Given an array nums and a target value k, find the maximum length of a subarray that sums to k. If there isn’t one, return 0 instead.

Note:
The sum of the entire nums array is guaranteed to fit within the 32-bit signed integer range.

Example 1:
Given nums = [1, -1, 5, -2, 3], k = 3,
return 4. (because the subarray [1, -1, 5, -2] sums to 3 and is the longest)

Example 2:
Given nums = [-2, -1, 2, 1], k = 1,
return 2. (because the subarray [-1, 2] sums to 1 and is the longest)

Follow Up:
Can you do it in O(n) time?

Solution

Analysis

Solution1

Try all possible combinations and get the maximum one.
Time complexity is O(n^2)

Solution2

The main point is we store the sum of 0 - i elements for each location in array.
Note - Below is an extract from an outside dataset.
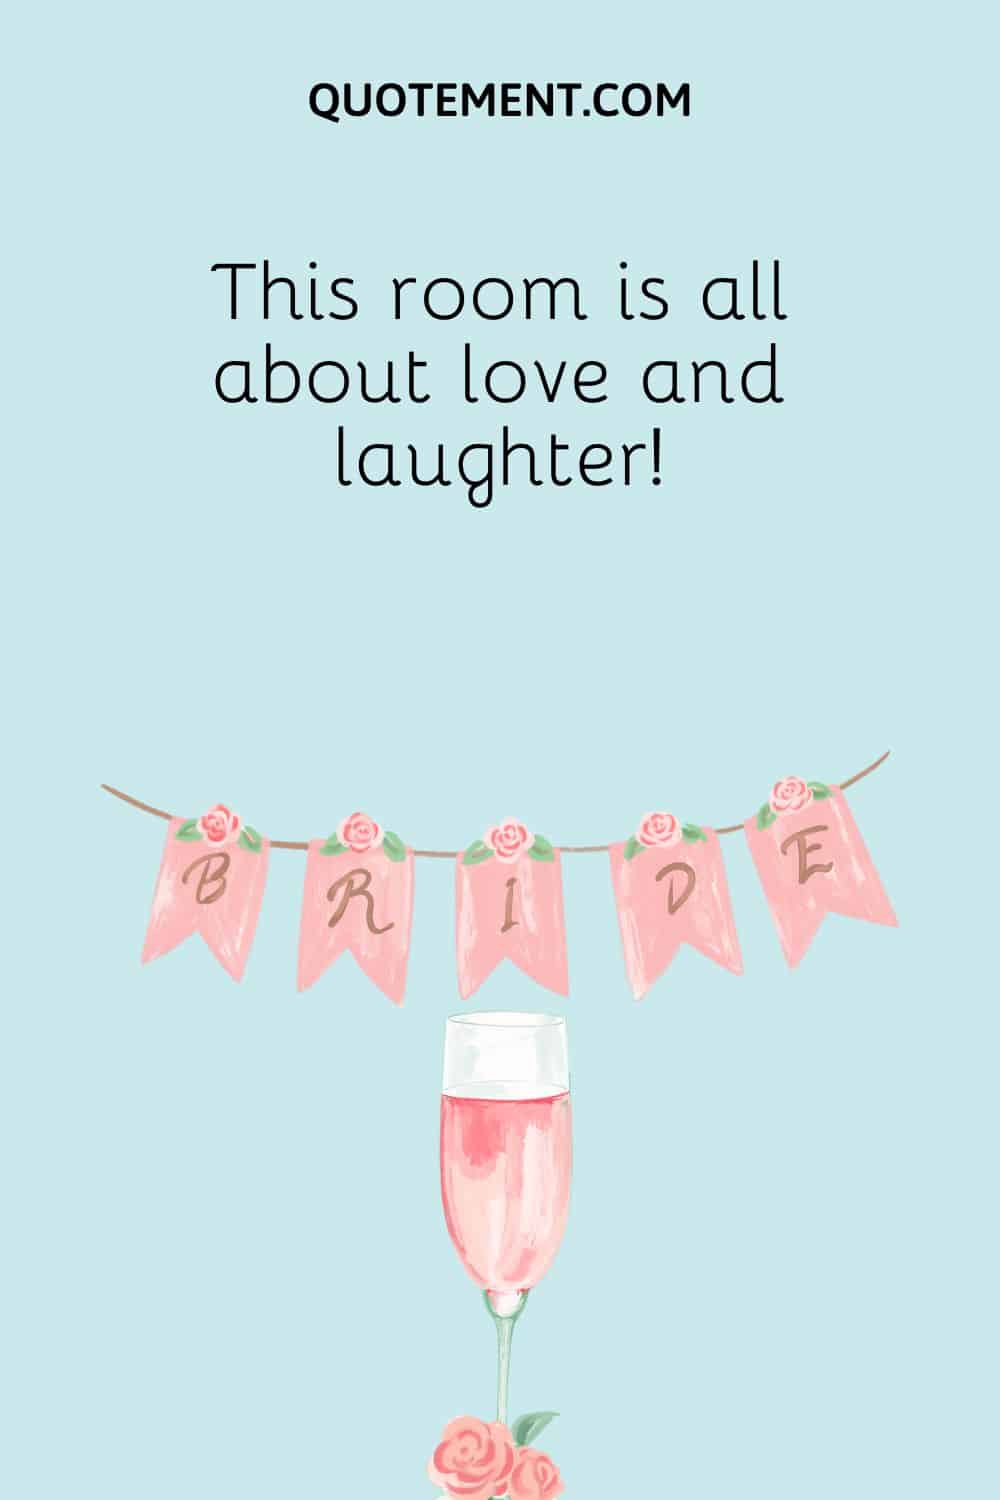 This room is all about love and laughter!

Then we only need to check if sum[j] - sum[i] == k, it represents the sum of i+1 to j.
We use HashMap to get the constant time for the check stuff.
Time complexity is O(n+n+n)

public class Solution1 {
    public int maxSubArrayLen(int[] nums, int k) {
        int maxLen = 0;
        for(int i=0; i<nums.length; i++) {
            int sum = nums[i];
            if(sum==k) maxLen = Math.max(maxLen,1);
            for(int j=i+1; j<nums.length; j++) {
                sum += nums[j];
                if(sum == k) {
                    maxLen = Math.max(maxLen,j-i+1);
                }
            }
        }
        return maxLen;
    }
}
public class Solution2 {
	public int maxSubArrayLen(int[] nums, int k) {
		int maxLen = 0;
		//in order to preprocess the data easier,assign 0 to sum[0]
		int[] sum = new int[nums.length+1];
		sum[0] = 0;	
		for(int i=1;i<sum.length; i++) {
			sum[i] = sum[i-1] + nums[i-1];
		}
		Map<Integer,Integer> map = new HashMap<>();
		for(int i=0;i<sum.length; i++) {
			map.put(sum[i],i);
		}
		for(int i=0;i<sum.length; i++) {
			Integer val = map.get(sum[i]+k);
			if(val!=null && val.intValue()-i>maxLen) {
				maxLen = val.intValue()-i;
			}
		}
		return maxLen;
	}
}